Dataset excerpt below:

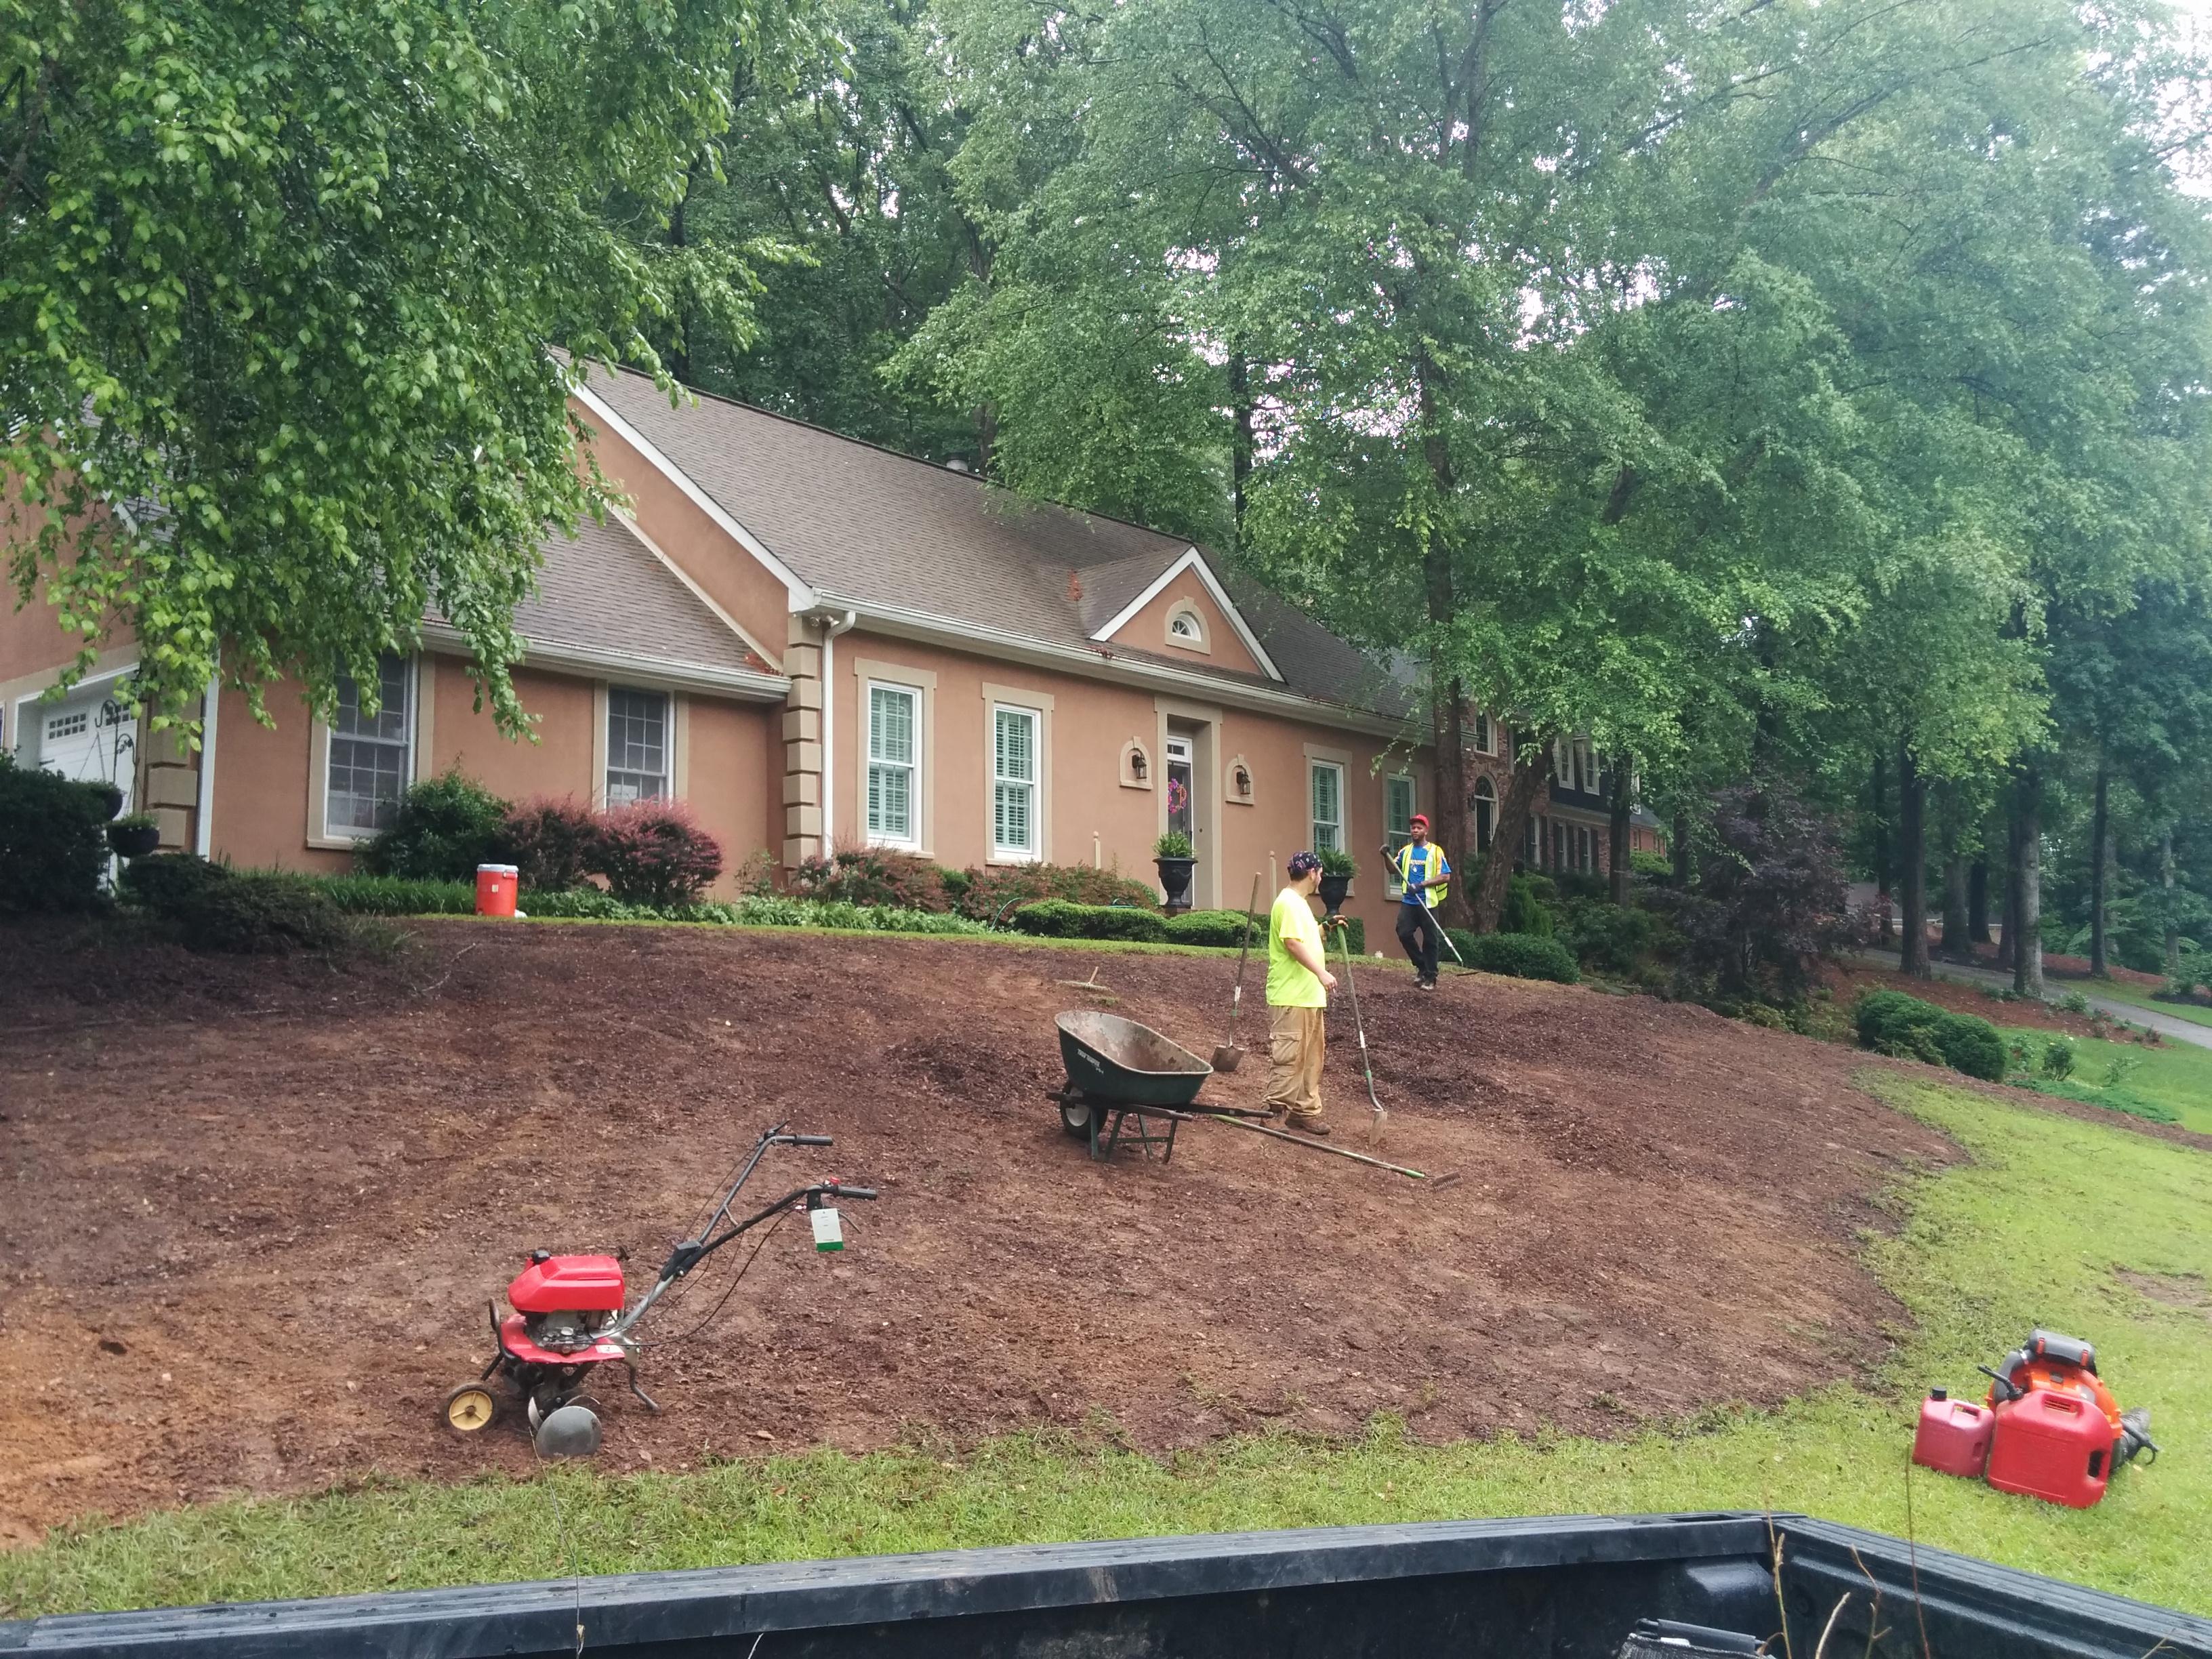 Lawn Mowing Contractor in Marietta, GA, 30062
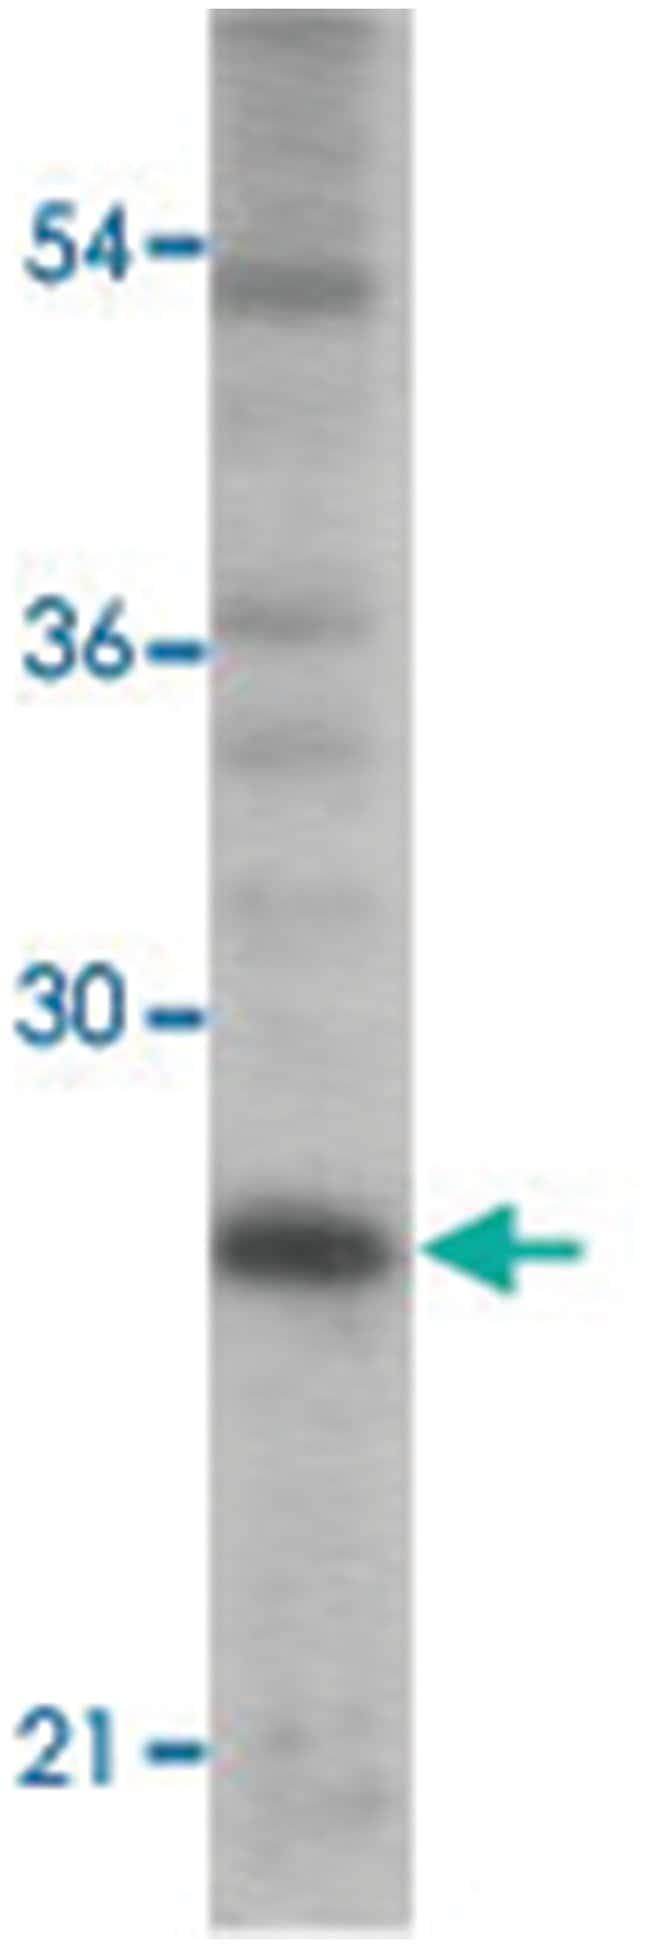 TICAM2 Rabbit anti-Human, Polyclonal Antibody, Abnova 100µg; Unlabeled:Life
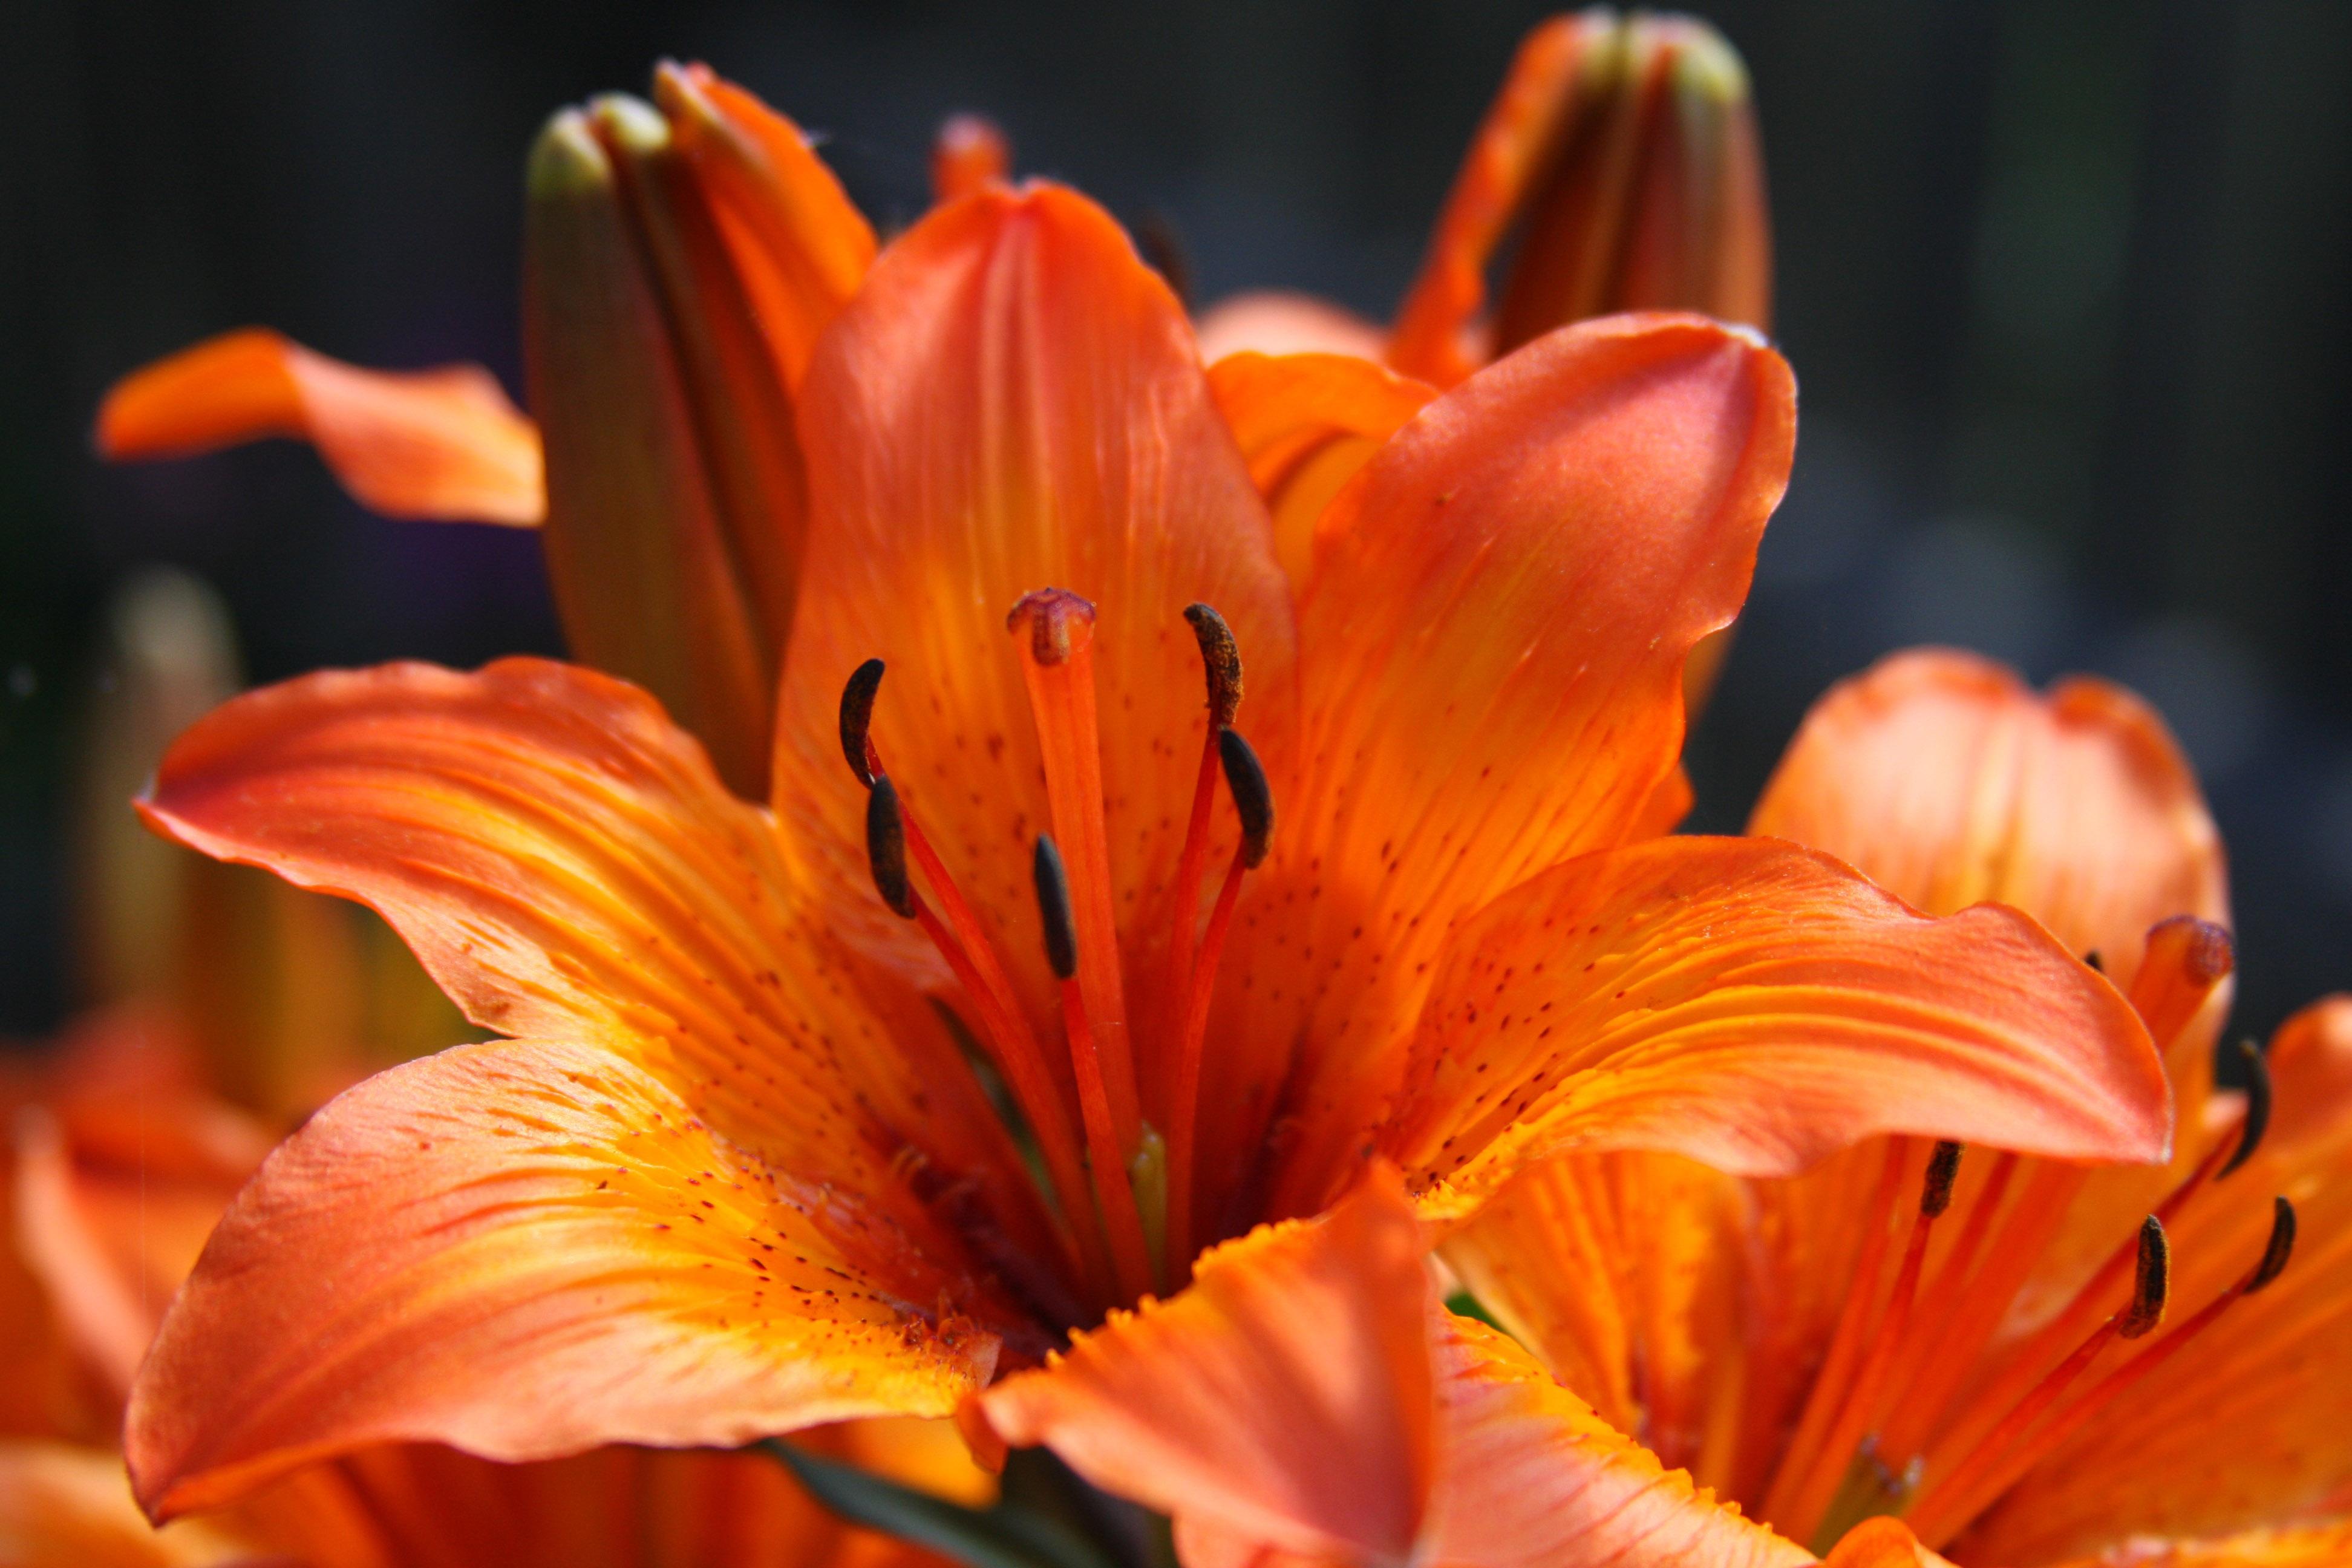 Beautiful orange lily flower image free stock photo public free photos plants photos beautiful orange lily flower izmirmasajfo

End of Dataset excerpt.

** What you should do **
Word for word, print all of the data; skip the pictures.

** Solution to this exercise **
 Lawn Mowing Contractor in Marietta, GA, 30062
 TICAM2 Rabbit anti-Human, Polyclonal Antibody, Abnova 100µg; Unlabeled:Life
 Beautiful orange lily flower image free stock photo public free photos plants photos beautiful orange lily flower izmirmasajfo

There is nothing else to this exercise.